A project to bring high-speed Internet service to Houston’s downtown business district is receiving notice from Missouri electrical cooperatives and others as the state-of-the art technology launches.

Show-Me Technologies, the fiber optic communications subsidiary of Sho-Me Power Electric Cooperative in Marshfield, began work the week of Dec. 18 to enhance its already in place fiber network in downtown Houston using technology developed by the California company Mimosa, which is a leader in cloud-managed, fiber-fast wireless solutions. Representatives of the company helped guide the start of the Houston project, as several Sho-Me Technologies employees began the process to connect the 10 businesses selected as part of the initial project.

Sho-Me Technologies operates a fiber optic network that covers more than 7,500 miles in the state. Using a 1-gigabit fiber on Second Street, the optic connection is transmitted from the Texas County Administrative Center to a building at Grand Avenue and Pine Streets. Each business receives that signal from a small receiver attached to their building. By the end of the first week, initial download speeds topped more than 100 Mbps — each client will initially be guaranteed 30 Mbps. (The FCC defines broadband service as at least 25 Mbps. Some of Texas County has 10 Mbps – if that.)

Sho-Me Power became involved in the project and selected Houston after an inquiry from Downtown Houston Inc., which said businesses were hobbled by the lack of fast Internet service that is available to those in metropolitan areas and it hurt recruitment of businesses who might like to locate in Houston. Discussions began in late September, and Sho-Me led an aggressive effort that involved engineers, a firm in Texas and Mimosa, which was created in 2012 and has customers in more than 100 countries. One of its niches is underserved rural settings.


Teams began spreading out through downtown to begin the project — yet to gain a name — that involved tapping the fiber optic line already downtown to reach an access point atop a building at Grand Avenue and Pine Street that connects the local businesses.

Robert Larimore mounts a customer’s receiver on a building in downtown Houston while Tony Wilson looks on. The communication technicians with Sho-Me Technologies were among teams recently deployed to Houston to work on a system based on technology developed by a California firm, Mimosa. Intercounty Electric Cooperative is among owners of Sho-Me Power Corp. in Marshfield, the parent company of Sho-Me Technologies. 

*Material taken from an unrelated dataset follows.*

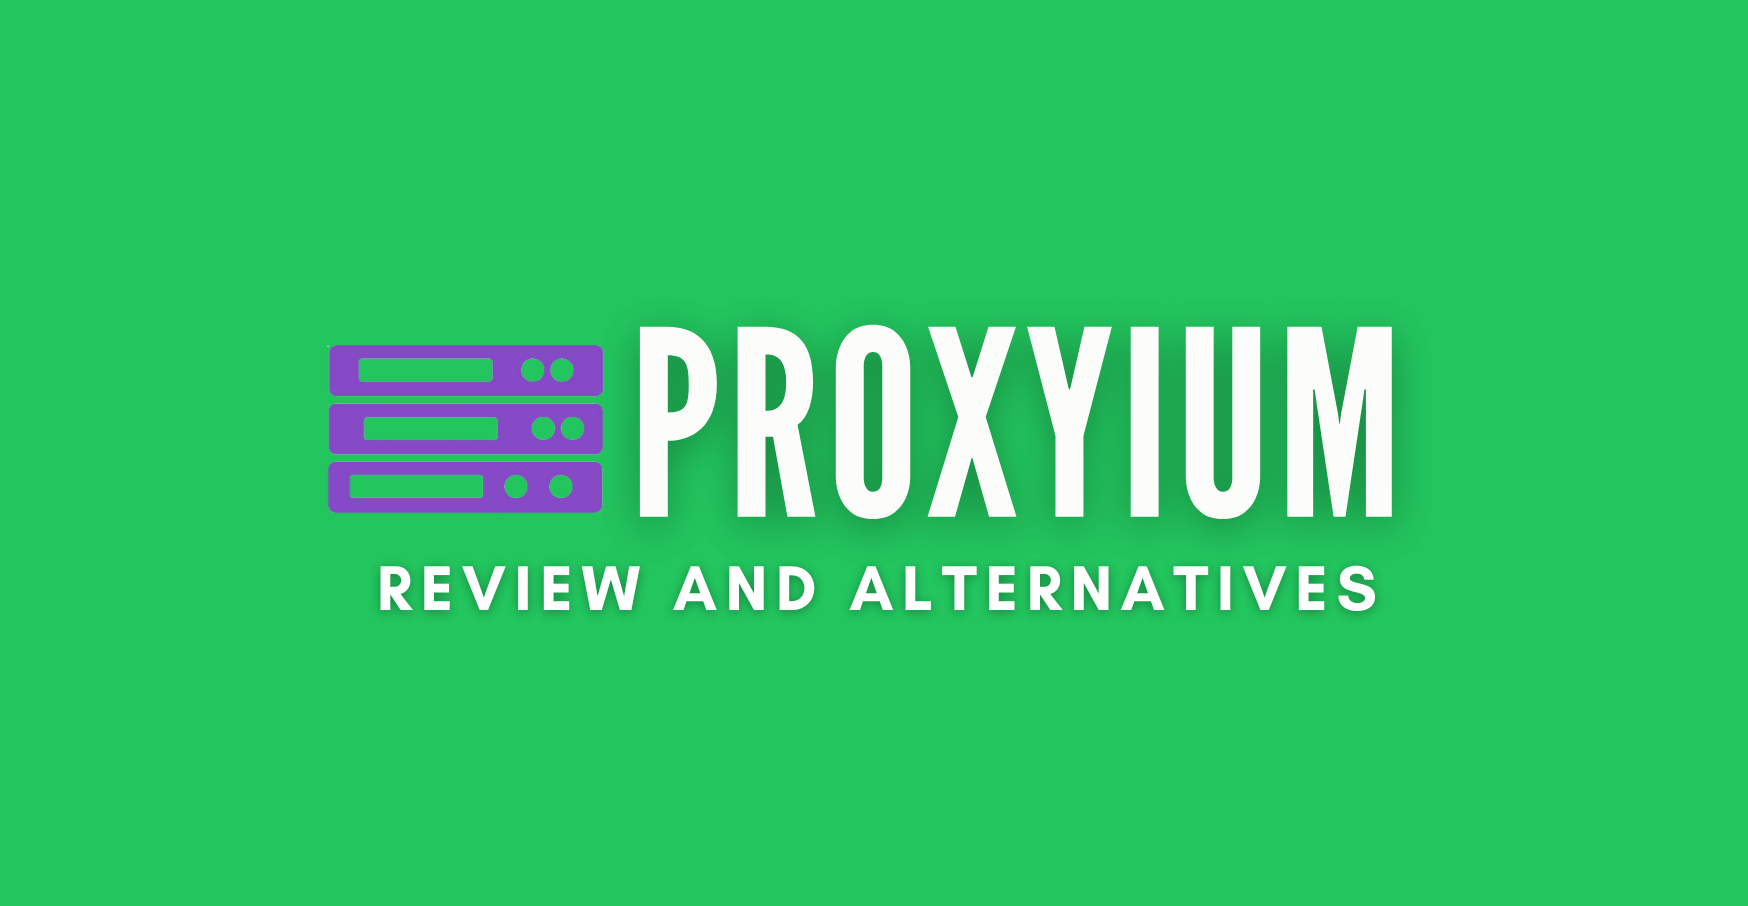 PROXYIUM review and alternatives

Technicians arrived at businesses to wire each location and install each client’s small wireless dish that brings the high-speed Internet into each building.

For many, the arrival couldn’t have been fast enough.

At Family Dentistry, the business was having trouble accepting Microsoft updates for its network without disrupting the day-to-day work flow. Last week the business was able to deploy a paperless work environment for its system.

“This wireless technology will give us the opportunity to offer lower-priced services backed by the same great support our fiber customers enjoy,” said John Richards, CEO and general manager of Sho-Me Power Electric Cooperative. “We are excited about this project, and we look forward to working with the folks in Houston to make this a success.”

Sho-Me’s ownership is comprised of nine rural electrical cooperatives that operate in 26 Missouri counties. Intercounty Electric Cooperative in Licking is among its owners, and many of them are looking for a method to effectively deploy high speed internet to its membership like it brought electricity to rural areas. This technology has their attention.

Representatives of several of the state’s cooperatives spent time in Houston to learn about the technology and how it is being deployed. Intercounty CEO Aaron Bradshaw said last week that he’s hopeful the technology might help his cooperative customers who don’t have access to high-speed Internet.